Every picture stays out; everything else in the listing below is to be returned exactly.
─── Exercise data ───
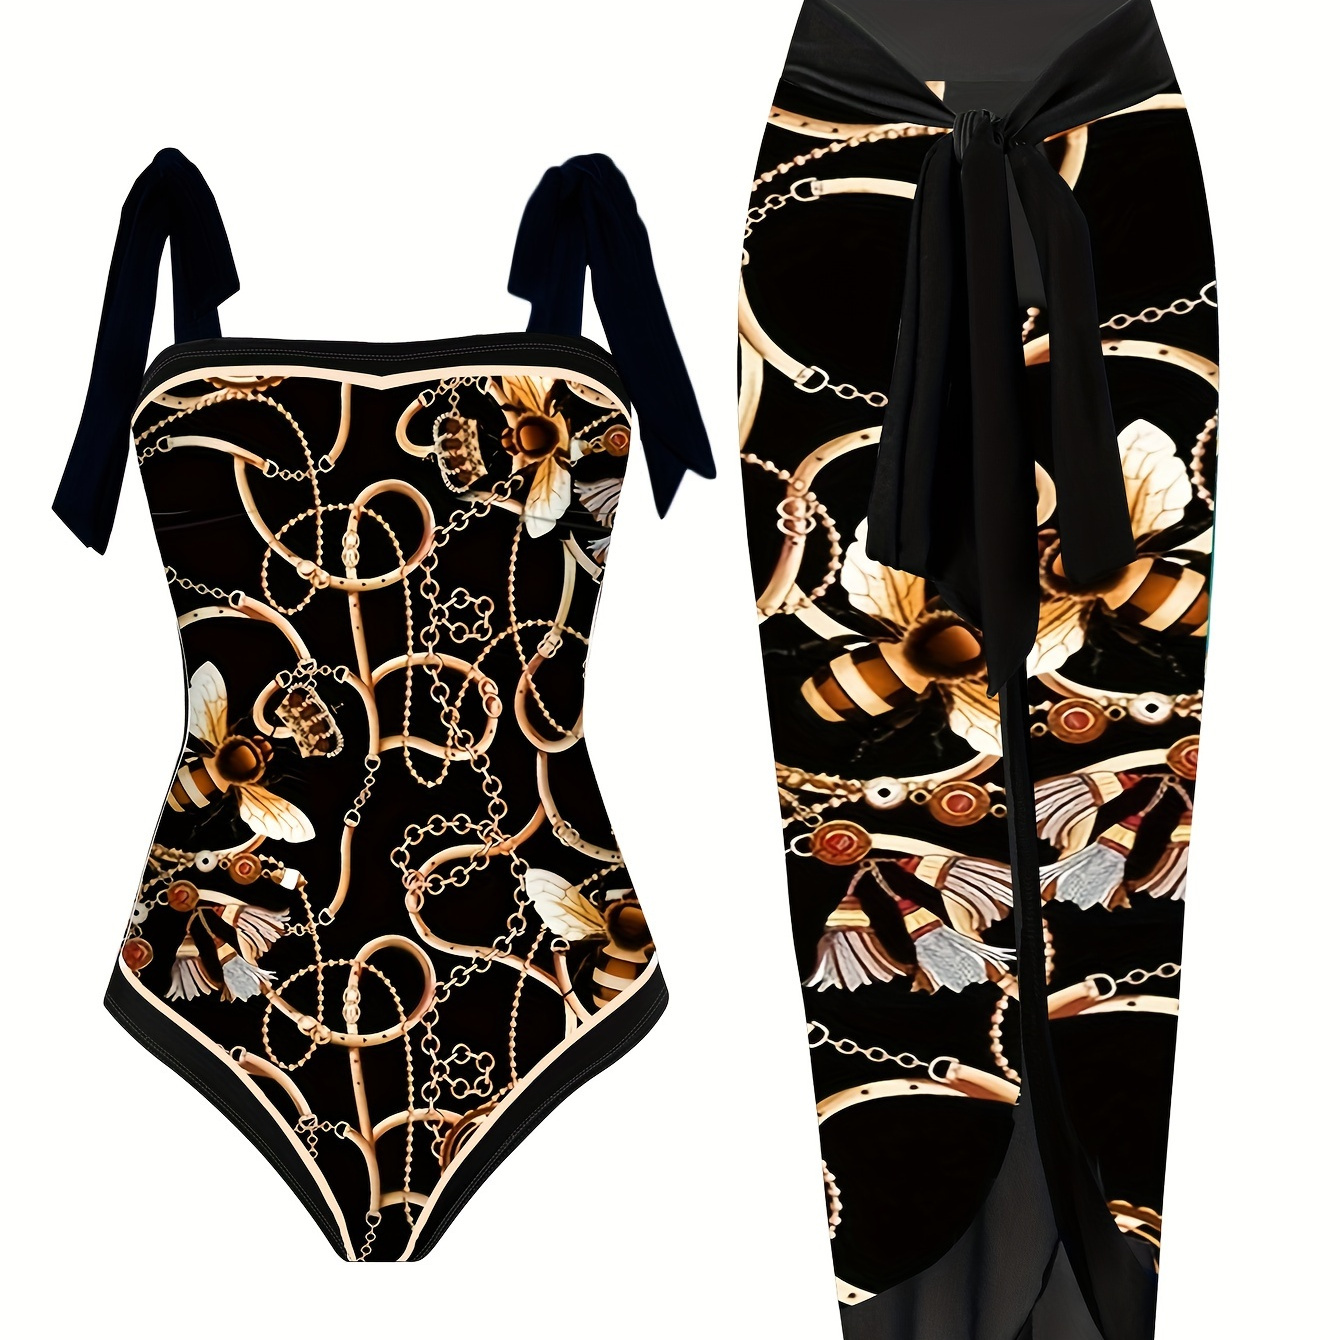 

Plus Size Retro Swimsuit Set, Women's Plus Chain & Bee Print Tie Shoulder 1 Piece Swimsuit & Bow Detail Cover Up Skirt Bathing Suit 2 Piece Set
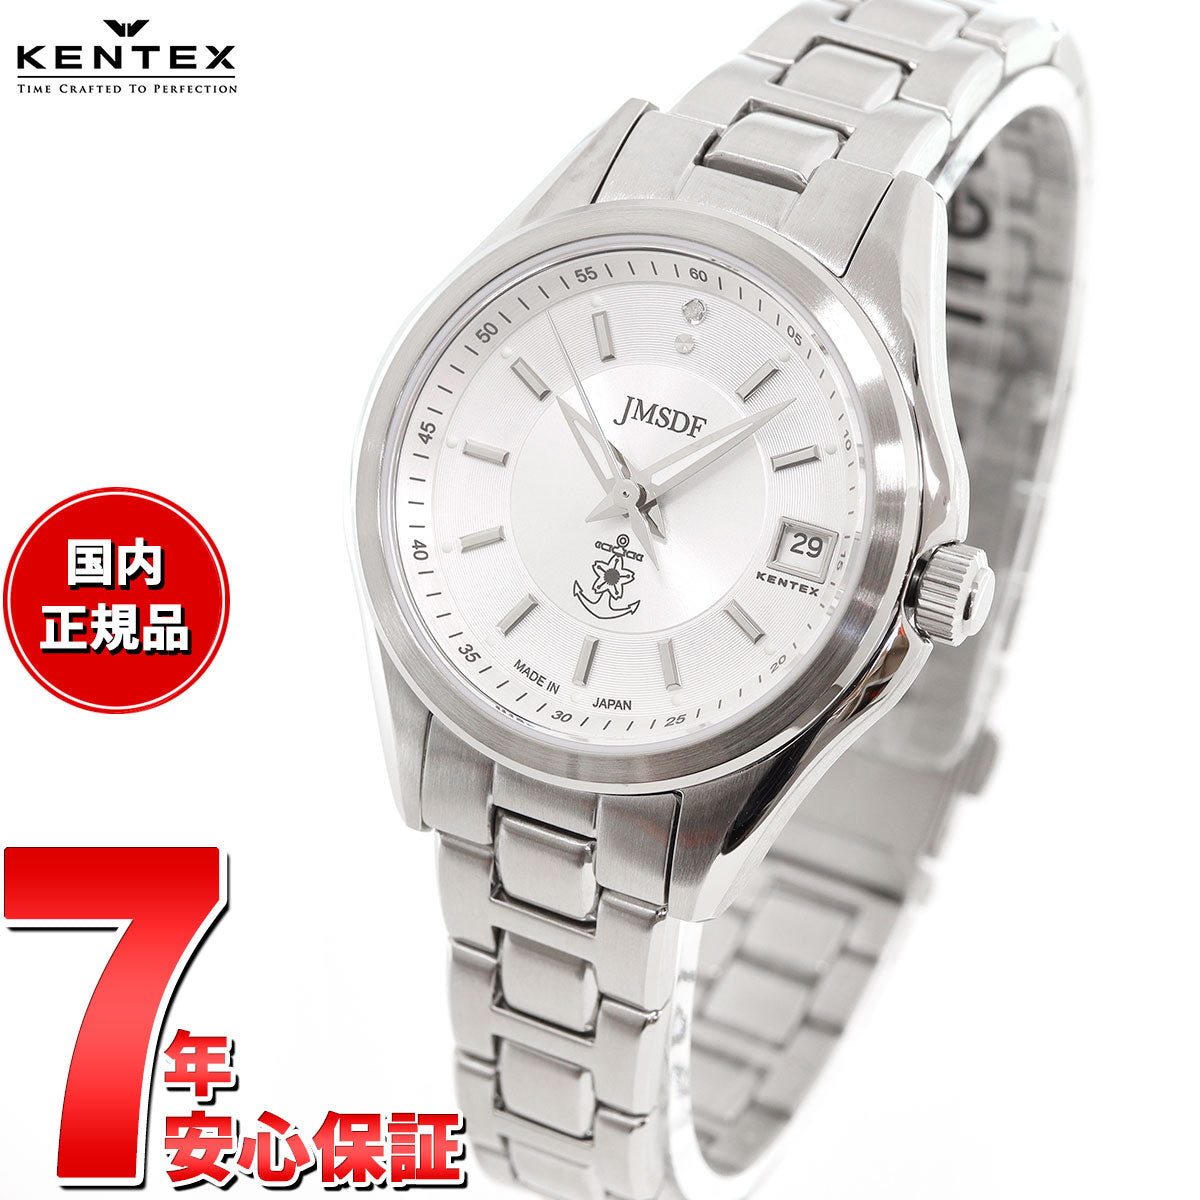 ケンテックス KENTEX JSDF 海上自衛隊モデル 腕時計 時計 レディース 日本製 S789L-3
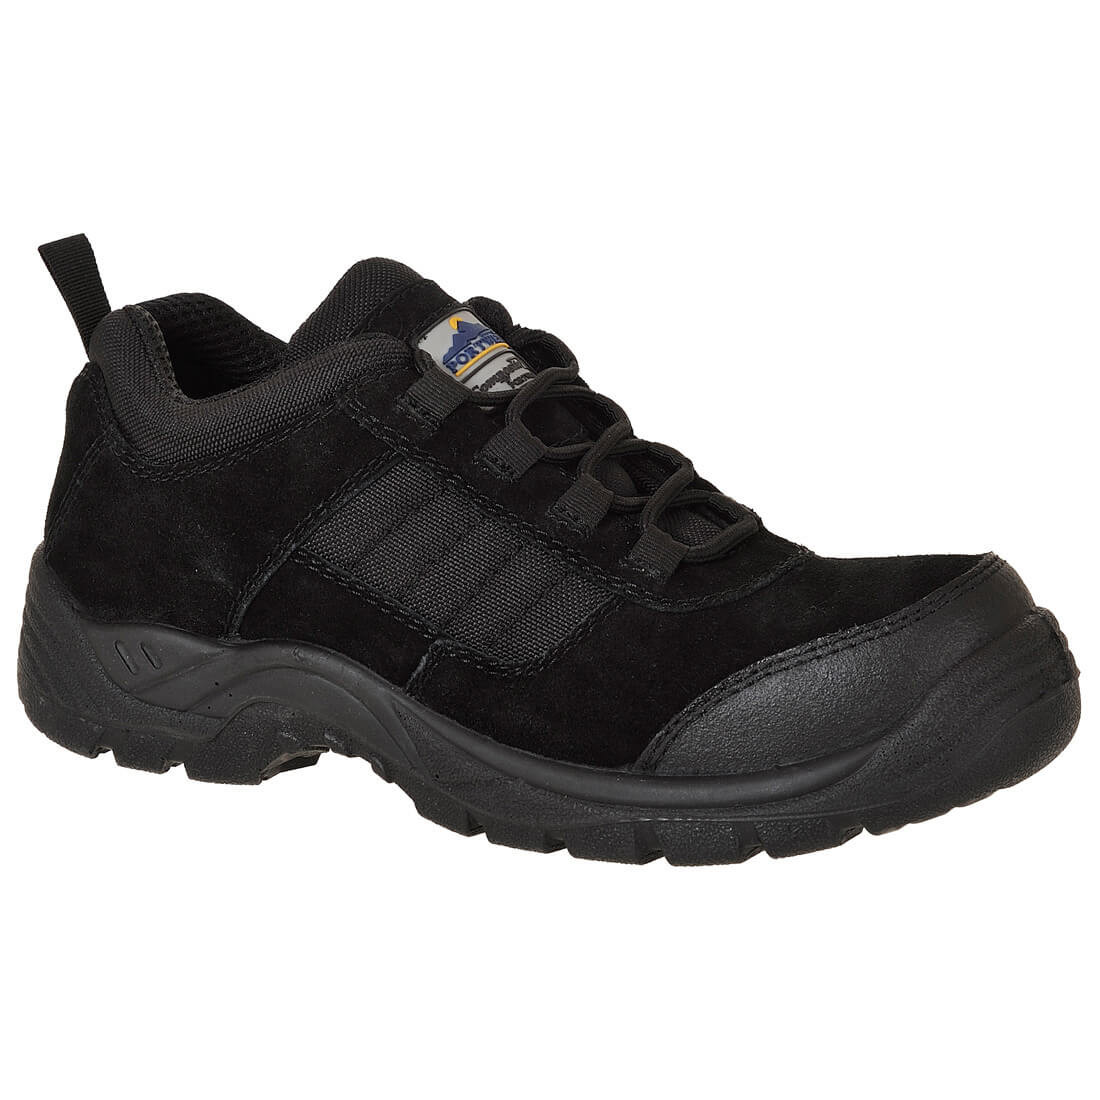 Zapato Compositelite™ Trouper S1 - Calzado de protección
───
**Answer box**
Plus Size Retro Swimsuit Set, Women's Plus Chain & Bee Print Tie Shoulder 1 Piece Swimsuit & Bow Detail Cover Up Skirt Bathing Suit 2 Piece Set
 ケンテックス KENTEX JSDF 海上自衛隊モデル 腕時計 時計 レディース 日本製 S789L-3
 Zapato Compositelite™ Trouper S1 - Calzado de protección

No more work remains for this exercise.